Companies face many challenges as they extend the functionality of their data-mining systems to analyze E-commerce data. It's worth the effort, though, because the business benefits of customer intelligence can be enormous.

By Herbert A. Edelstein   (herb@twocrows.com)

C ompanies venturing into E-commerce have a dream. By analyzing the tracks people make through their Web site, they'll be able to optimize its design to maximize sales. Information about customers and their purchasing habits will let companies initiate E-mail campaigns and other activities that result in sales. Good models of customers' preferences, needs, desires, and behaviors will let companies simulate the personal relationship that businesses and their clientele had in the good old days.

Illustration By Richard Downs

The foundation of this dream is the log of customer accesses maintained by Web servers. A sequence of page hits might look something like this: Page A => Page B => Page C => Page D => Page C => Page B => Page F => Page G. Or more explicitly: Login => Register => Product Description => Purchase.

By analyzing customer paths through the data, vendors hope to personalize the interactions that customers and prospects have with them. Companies will customize the home page each customer sees, the responses to requests, and the recommendations of items to purchase. If you're a customer of Amazon.com Inc., you may already have noticed such personalization. Vendors can also generate a list of related products.

The business benefits of this customer intelligence are potentially enormous. The number of people who come to a site and purchase will increase, and the average amount per purchase will rise, resulting in a dramatic increase in profitability--that's the dream, at least.

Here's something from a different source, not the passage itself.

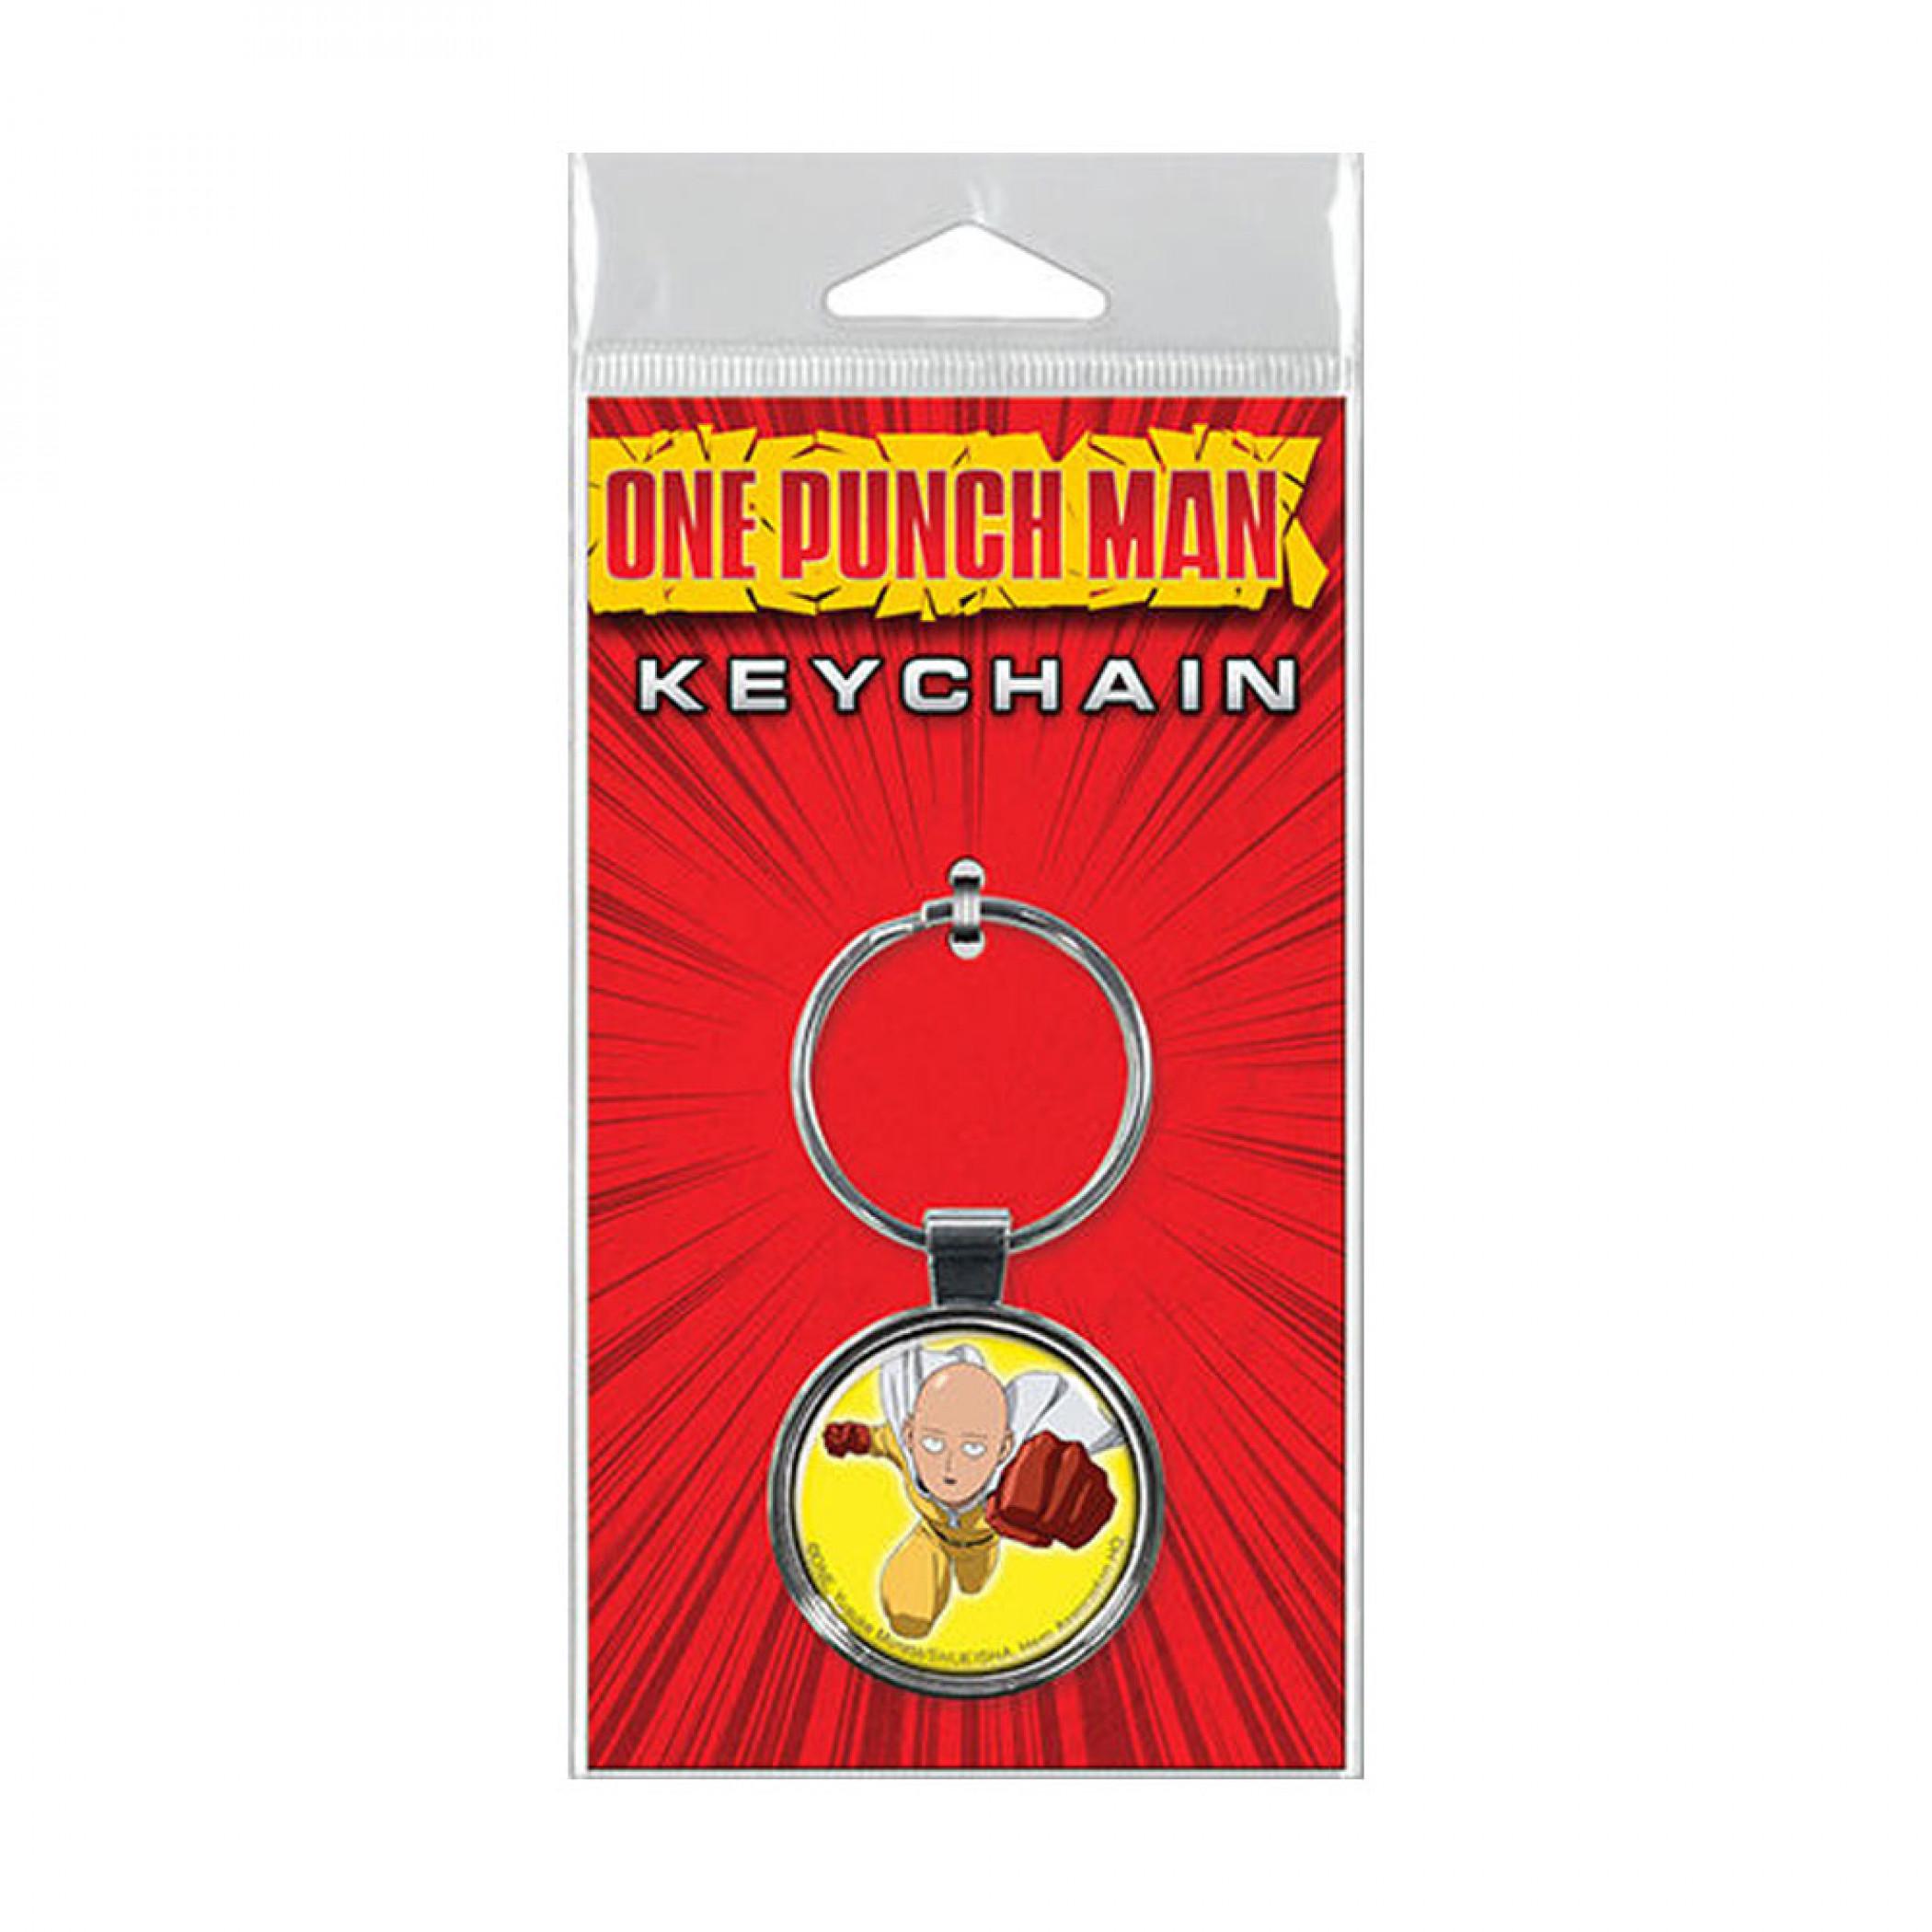 One Punch Man Keychain

The reality is that achieving this goal is difficult and expensive--but it's not impossible. First, to be of any use at all, clickstream data requires enormous amounts of labor-intensive pre-processing. Even then, extracting meaning is still difficult. Second, many customers are reluctant to have vendors track what they do. Their concern is so great that the government is actively considering privacy regulation to limit Web tracking.

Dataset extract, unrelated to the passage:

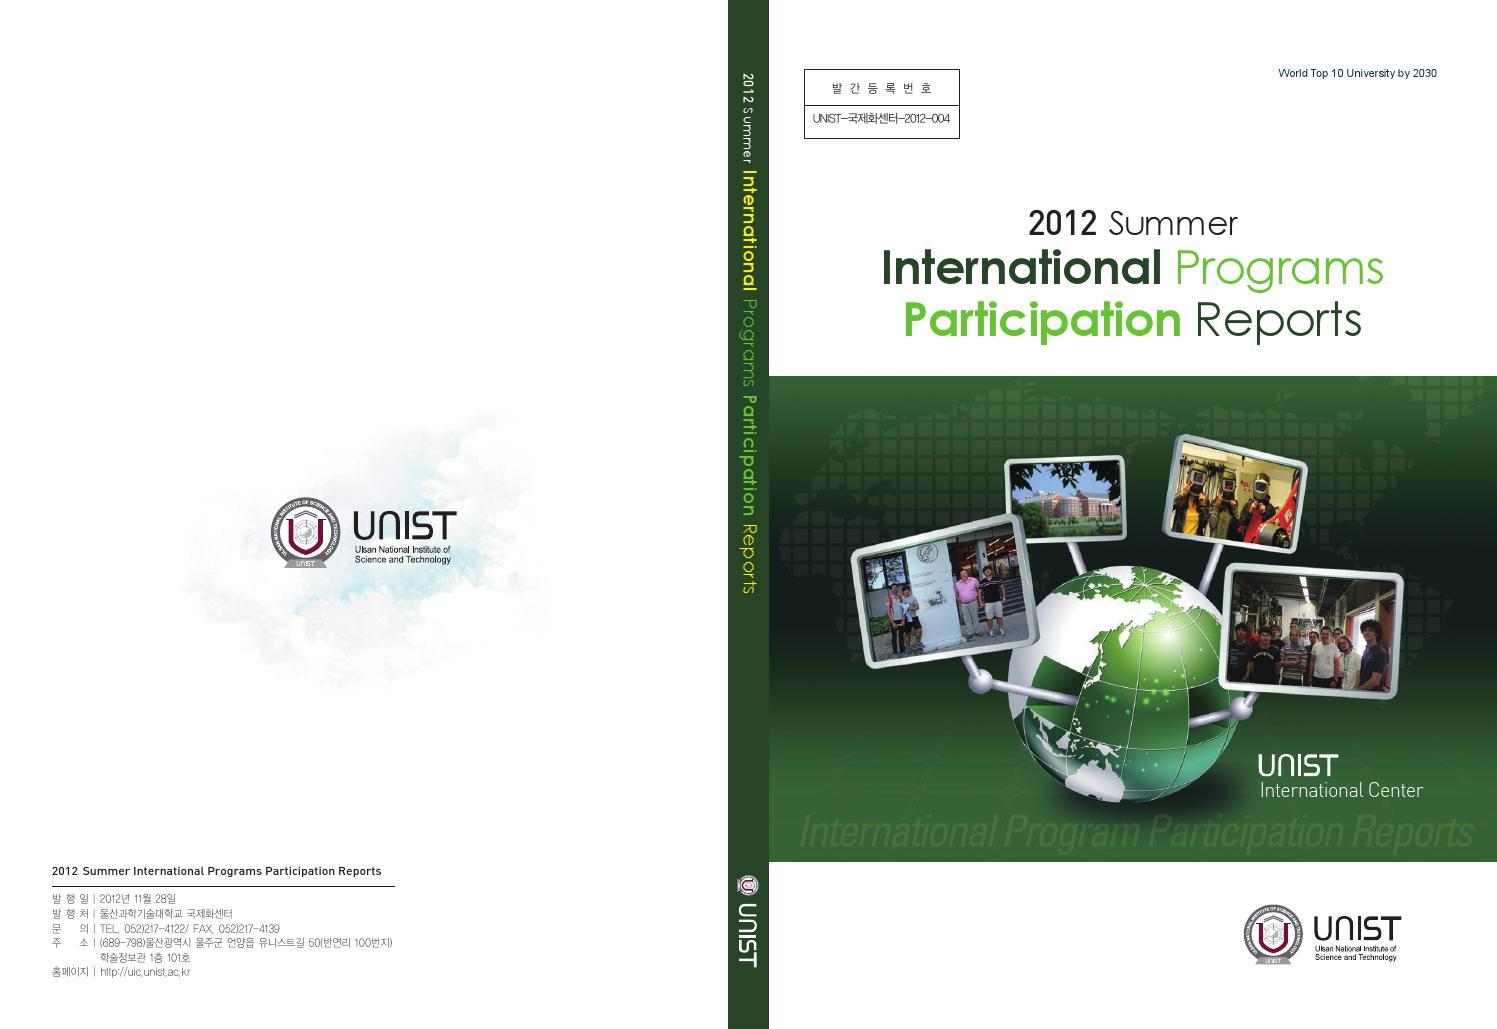 2012 Summer International Programs Participation Reports

To understand the special challenges of clickstream analysis, let's examine the issues in the context of the data-mining process. Data mining uses a variety of data analysis tools to discover patterns and relationships in data that may be used to make accurate predictions. It's through data mining that companies can build the most effective models of their customers and prospects.

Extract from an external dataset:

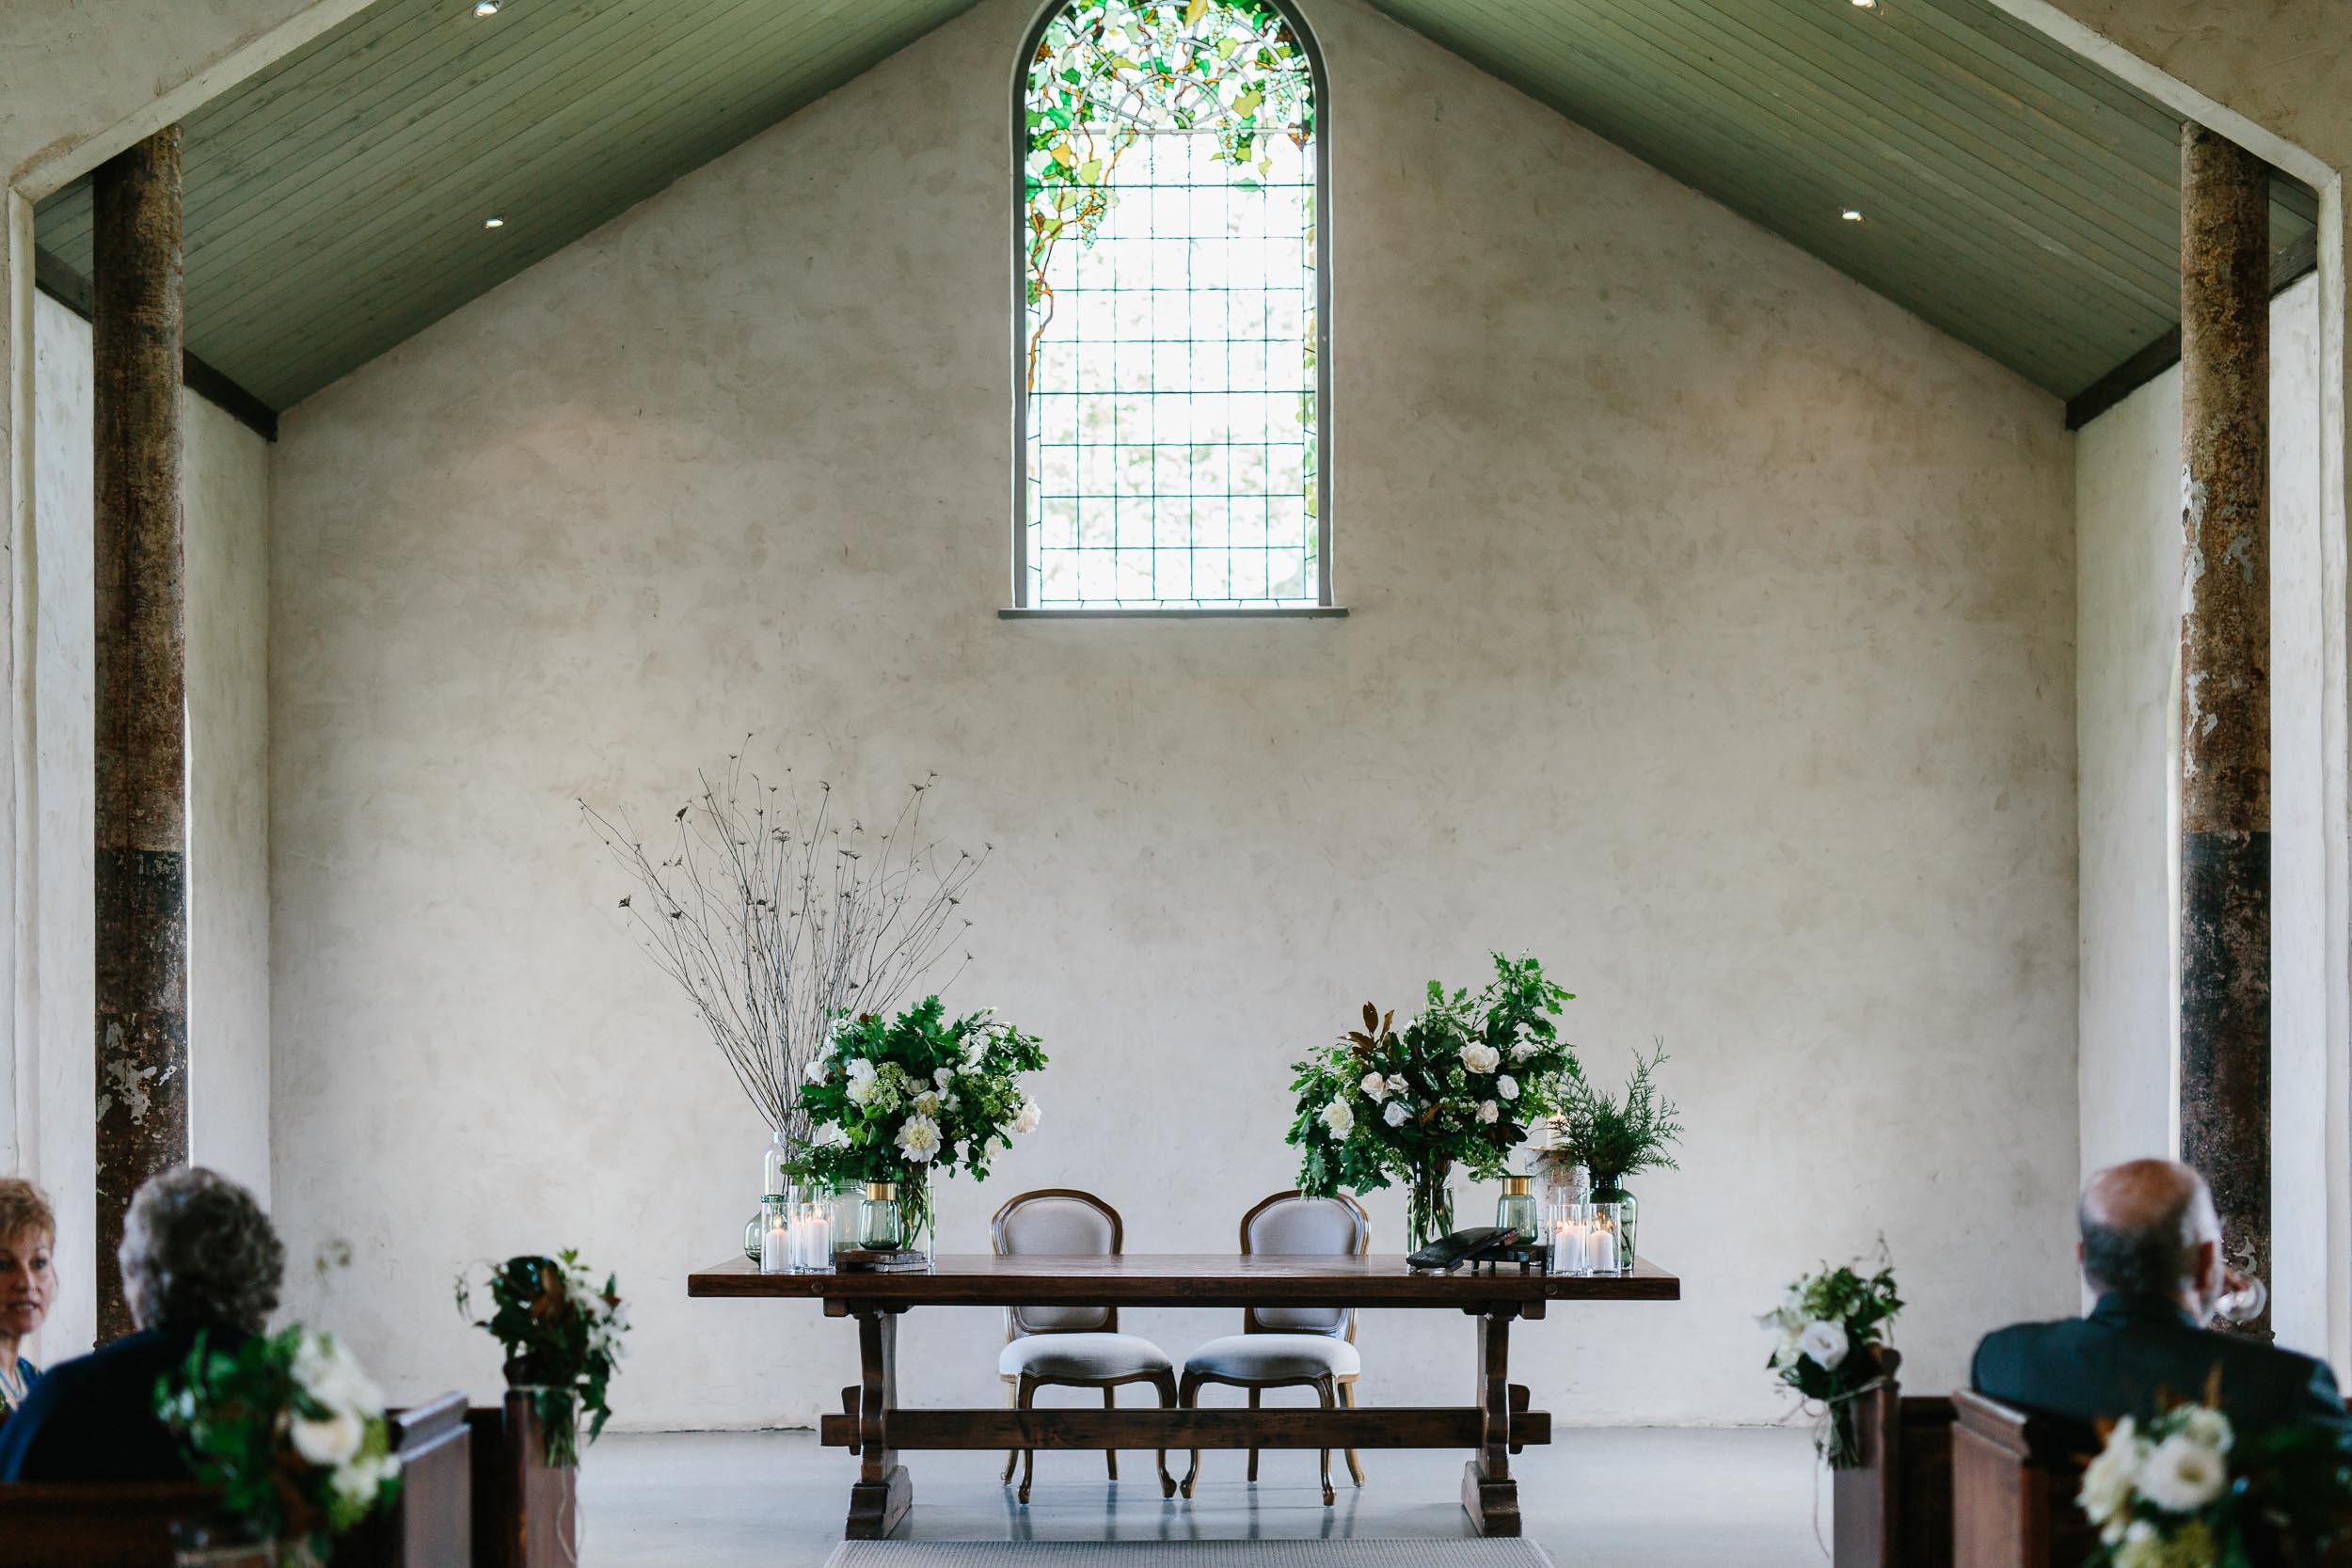 Kas-Richards-Stones-of-the-Yarra-Valley-Wedding-201.jpg

The seven steps in this process are:

  • Define the business problem

  • Build data-mining database

  • Explore data

  • Prepare data for modeling

  • Build model

  • Evaluate model

  • Act on the results.

    When defining the business problem, you must be specific about what you want to accomplish. Typical goals might include improving the design of a Web site by identifying the paths people take to arrive at a purchase; detecting problems such as pages that that are never accessed; suggesting strategies for increasing market basket size or increasing the conversion rate (turning visitors into purchasers).

    Building the data-mining database, exploring the data, and preparing it for modeling are the most time-consuming. For clickstream data, these tasks are particularly arduous, consuming 80% to 95% of a project's time and resources.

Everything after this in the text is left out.